# [PROBLEM STATEMENT]
Once the line with "Schick Hydro 5" is found in the entries below, repeat it and each following line exactly, up to and including the line with "Pegasus Wharf in Cartagena, Colombia". Add no other lines.
::: DATA FOR THIS TASK
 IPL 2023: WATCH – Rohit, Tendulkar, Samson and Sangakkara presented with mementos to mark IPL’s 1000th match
::::::
::: DATA FOR THIS TASK
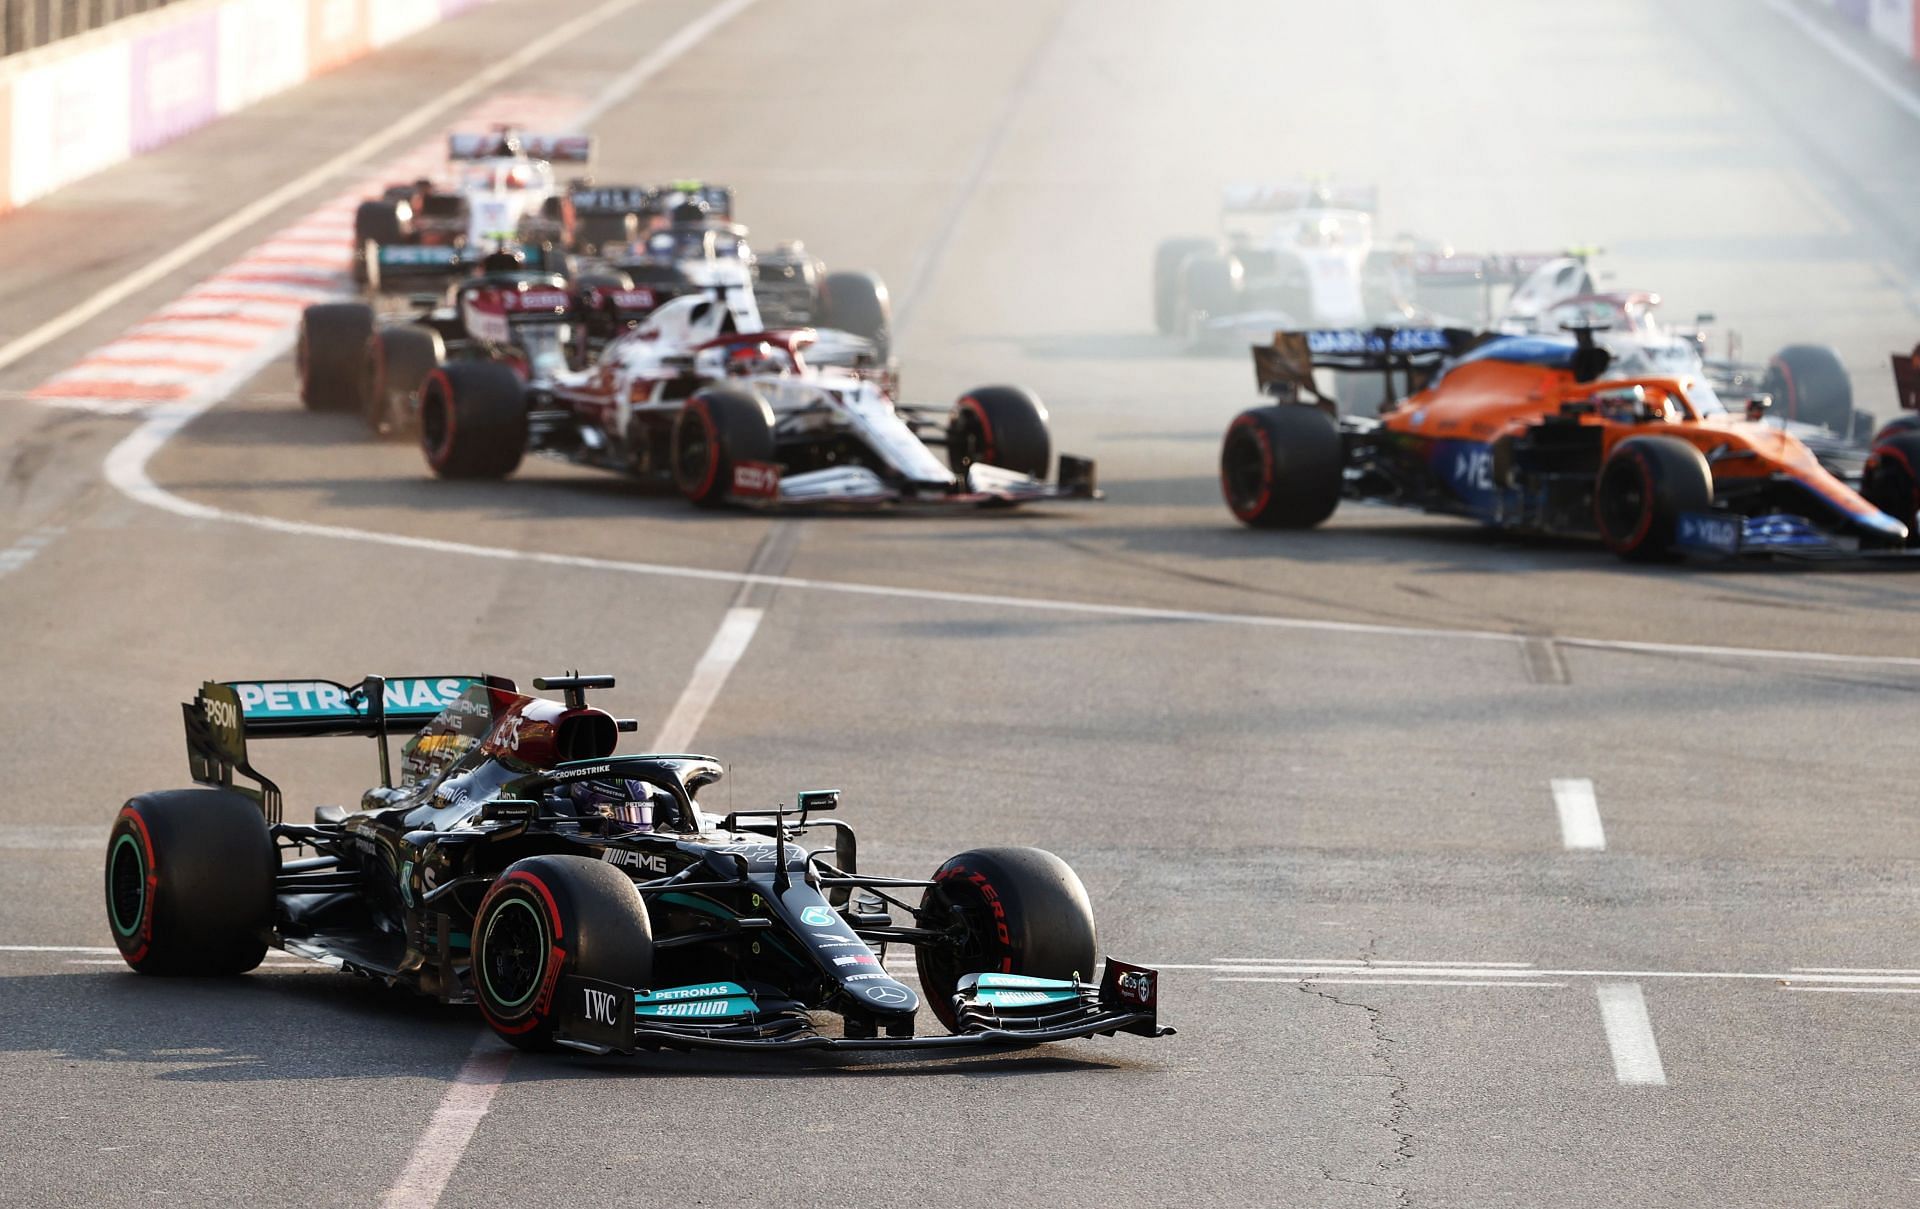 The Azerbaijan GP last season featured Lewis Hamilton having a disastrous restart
::::::
::: DATA FOR THIS TASK
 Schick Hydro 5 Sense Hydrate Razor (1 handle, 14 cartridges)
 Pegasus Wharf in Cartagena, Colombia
::::::
# [RESULT]
 Schick Hydro 5 Sense Hydrate Razor (1 handle, 14 cartridges)
 Pegasus Wharf in Cartagena, Colombia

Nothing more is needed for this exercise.